Migrations in this solution are very separate from your schema representation. But of course they are necessary for a production database. So your app may have a migrations directory; here you can place scripts that define the data migrations (and schema migrations, for SQL databases), which explicitly name the database versions they migrate between. An example:

migrate :from => '123abc', :to => '456def' do |db|
  db[:authors].add_column :first_name, :text
  db[:authors].add_column :last_name, :text

  db[:authors].each do |row|
    row[:first_name], row[:last_name] = row[:name].split
    row.save
  end

  db[:authors].remove_column :name
end

Some things to note here:

  • We specify both from and to version. No inference of version ordering from the version names. (Not unlike the difference between Subversion’s sequential version numbering and Git’s hash versioning, or CouchDB’s hash keys rather than SQL database sequences.)
  • Access to the application environment is forbidden; there is no dependence on the state of the code. Instead we use raw arrays and hashes, Sequel-style.

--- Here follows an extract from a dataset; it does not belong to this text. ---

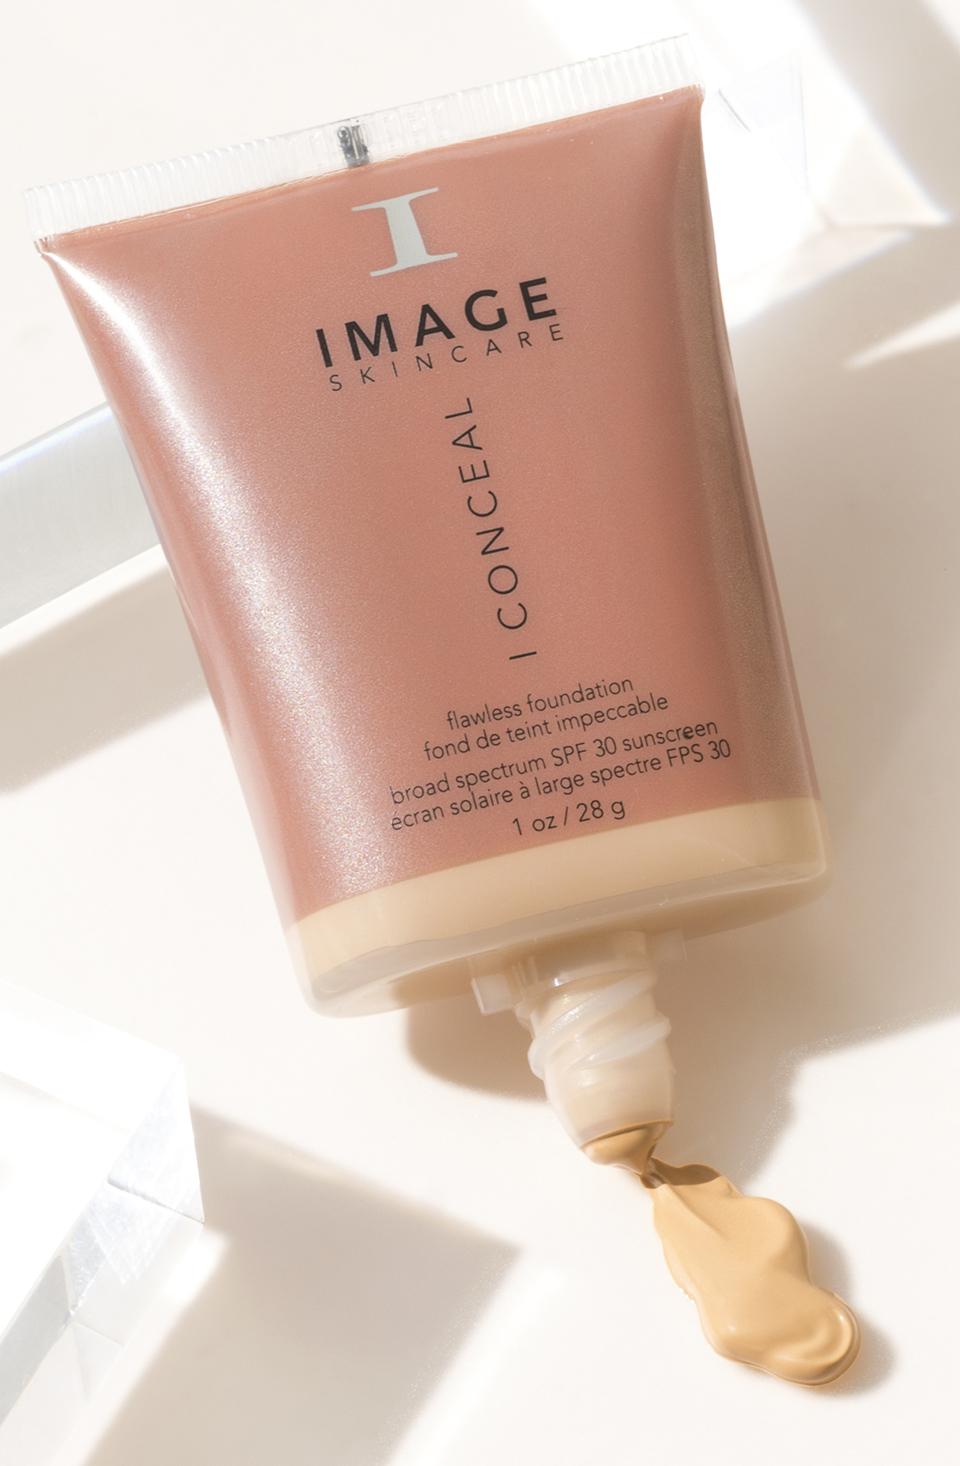 Image Skincare i Conceal mineral foundation

You could create a reverse migration (flip the from and the to), but this would be an unusual circumstance. When working locally you never use migrations, but instead modify schema.yml. Once you’ve finalized your schema for the commit, only then do you write your migration. The framework could provide some assistance here, such loading up a previous schema.yml and running your migration against it, and making sure that the resulting dumped schema matches the new schema.yml.

Conclusion

Data versioning is a thorny problem; the solution described above is just speculation, a starting point for discussion. I want to get others out there thinking about this problem.

What would your next-gen database versioning system look like?